IN 1926 the first edition of Fowler’s A Dictionary of Modern English Usage broke new ground. Despite its title, MEU was not a dictionary in the conventional sense. It was a mildly eccentric yet scholarly account of the then current state of the language, aimed at those multitudinous points of detail and confusion that can puzzle even the well educated. It was intended as an aid to both correctness and clarity, and its successors and emulators (from The Complete Plain Words to The Cambridge Australian English Style Guide) have shared that purpose while often adopting a very different approach.

The primary market for such books is, surely, practising writers (whether professional writers or professionals who write). Their need is for advice or clarification when their own linguistic knowledge is stretched to its limits. Secondary markets include lovers of the language, who enjoy exploring some of its quirks and quiddities, and academic linguists, who need to keep in touch with current research into language trends. As an academic linguist, I find Burchfield’s revision valuable; as a lover of the language, I find it rewarding; as a practising writer, I find it limited. Burchfield seems to have aimed at the secondary rather than the primary market.
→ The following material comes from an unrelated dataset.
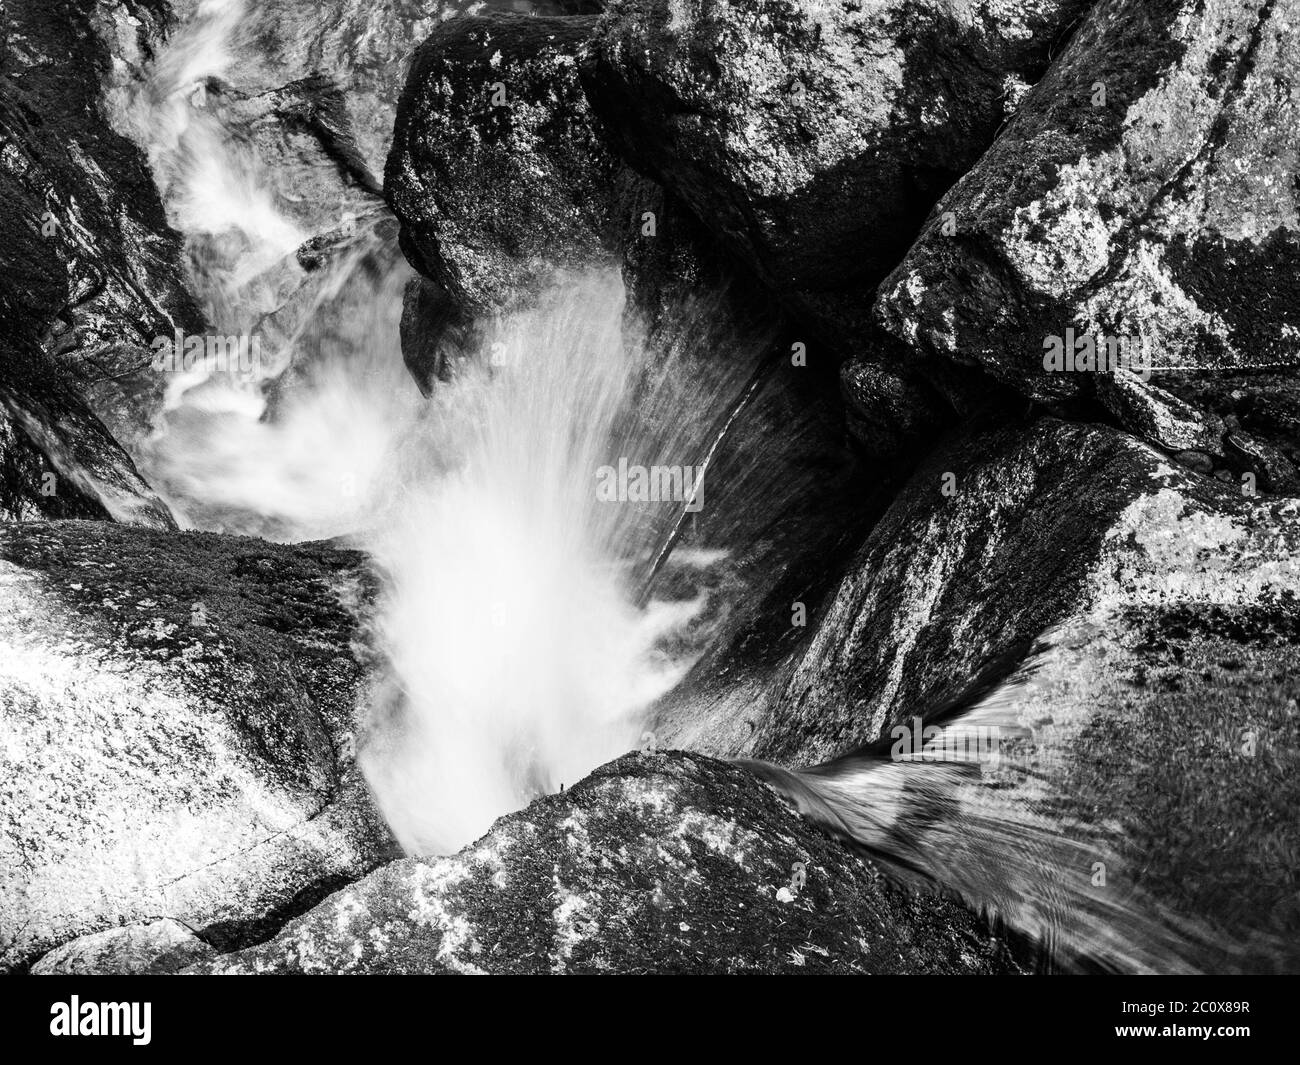 Water cascade of small creek between mossy stones. Long exposure Black and white image. Stock Photo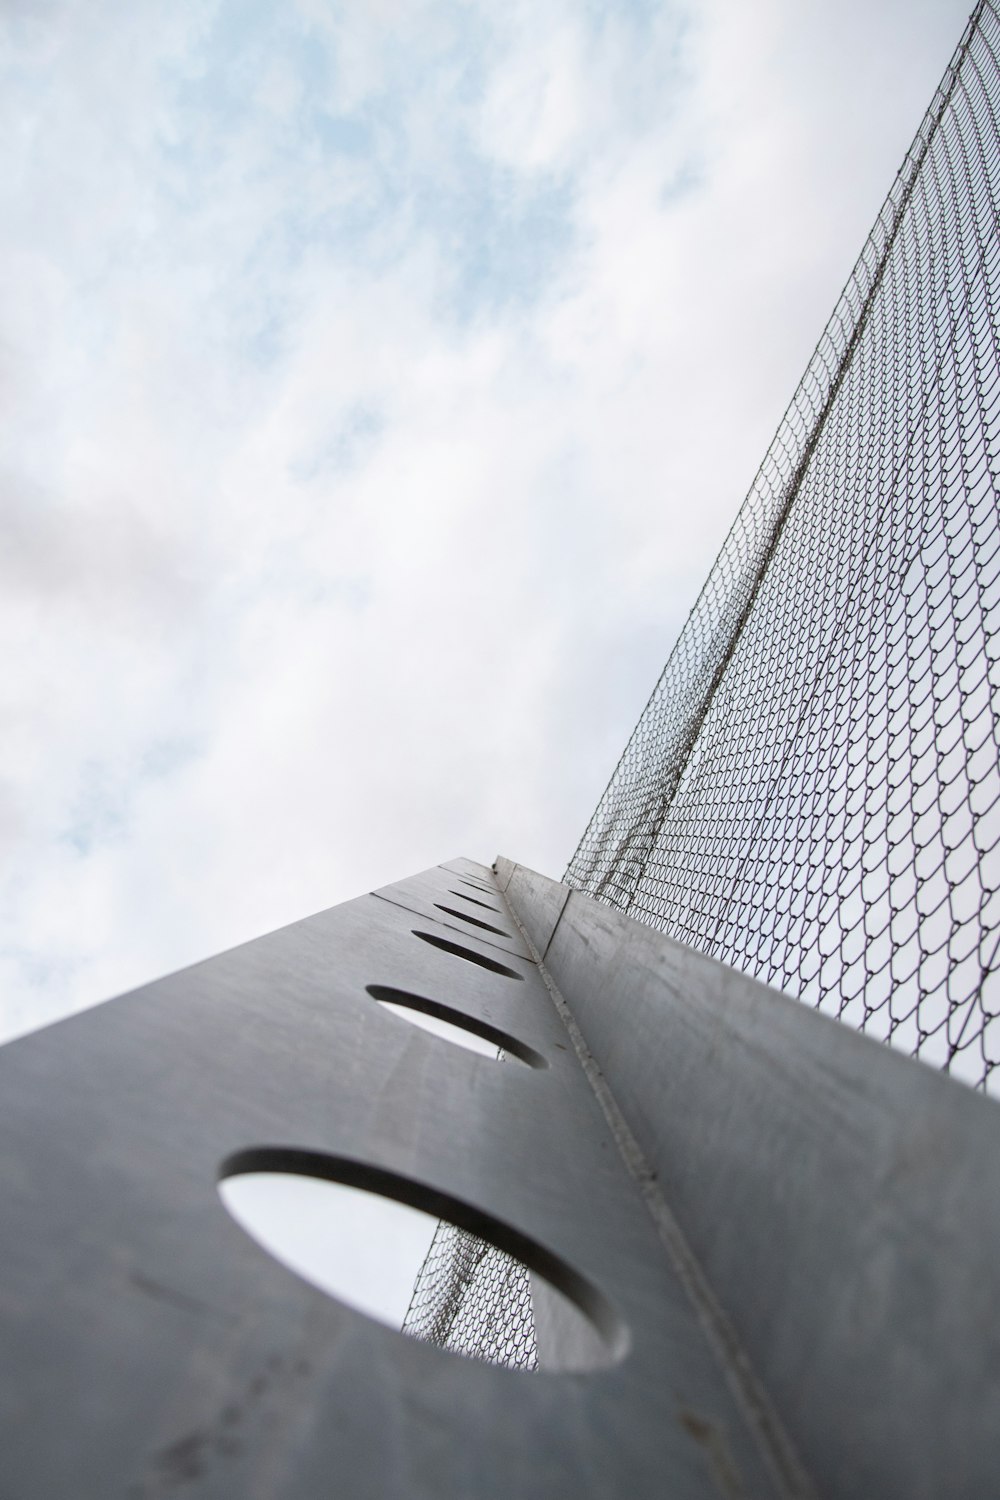 a tall metal structure with a sky in the background

Practising writers need three kinds of language reference aids. They need a reliable dictionary, to help them with questions of meaning; they need a ‘house style guide’ (even if it is, by default, AGPS or Chicago), to help them with editorial issues; and they need a usage guide, to help them with stylistics — issues of choice and discretion. A guide to usage, if it is not merely to duplicate the function of a dictionary, should advise the reader on issues such as connotations, and should even venture into the realm of aesthetics. Sadly for the practising writer, Burchfield avoids aesthetics and rarely offers clear advice. He delights in accounting for variations, deviations, and changes in widely accepted standards, but all too often his explanations stop short of drawing conclusions or making recommendations. Sometimes this is mildly frustrating; at other times it is decidedly annoying.

Let me illustrate by means of his entry on century. His treatment of the conventional usage (which defines the 20th century as from 1/1/1901 to 31/12/2000) is a little confusing, but accurate. However, he then goes on to say that ‘Despite the above reckoning, in modern usage 1 January 1800 is often counted as being the first day of the 19c,… and so on.’ By failing to pronounce judgment on this common lapse of arithmetic, Burchfield is merely confusing shifts in meaning with errors in fact.

That said, I must acknowledge a strength of the book — albeit a strength that is of limited value to writers: Burchfield does give guidance on pronunciation. He fails to take notice of the widespread mispronunciation of h as haitch, but is commendably clear on differences between British and US norms.

Back on the other side of the ledger, despite dust-jacket blurb suggesting otherwise, Burchfield mentions Australian English very rarely, from either written or spoken perspectives. Writers practising their craft in Australia should buy Burchfield for interest and stimulation, by all means; but they would be better advised to buy Peters[1] for practical guidance. 


[1] P H Peters (1996): The Cambridge Australian English Style Guide, CUP.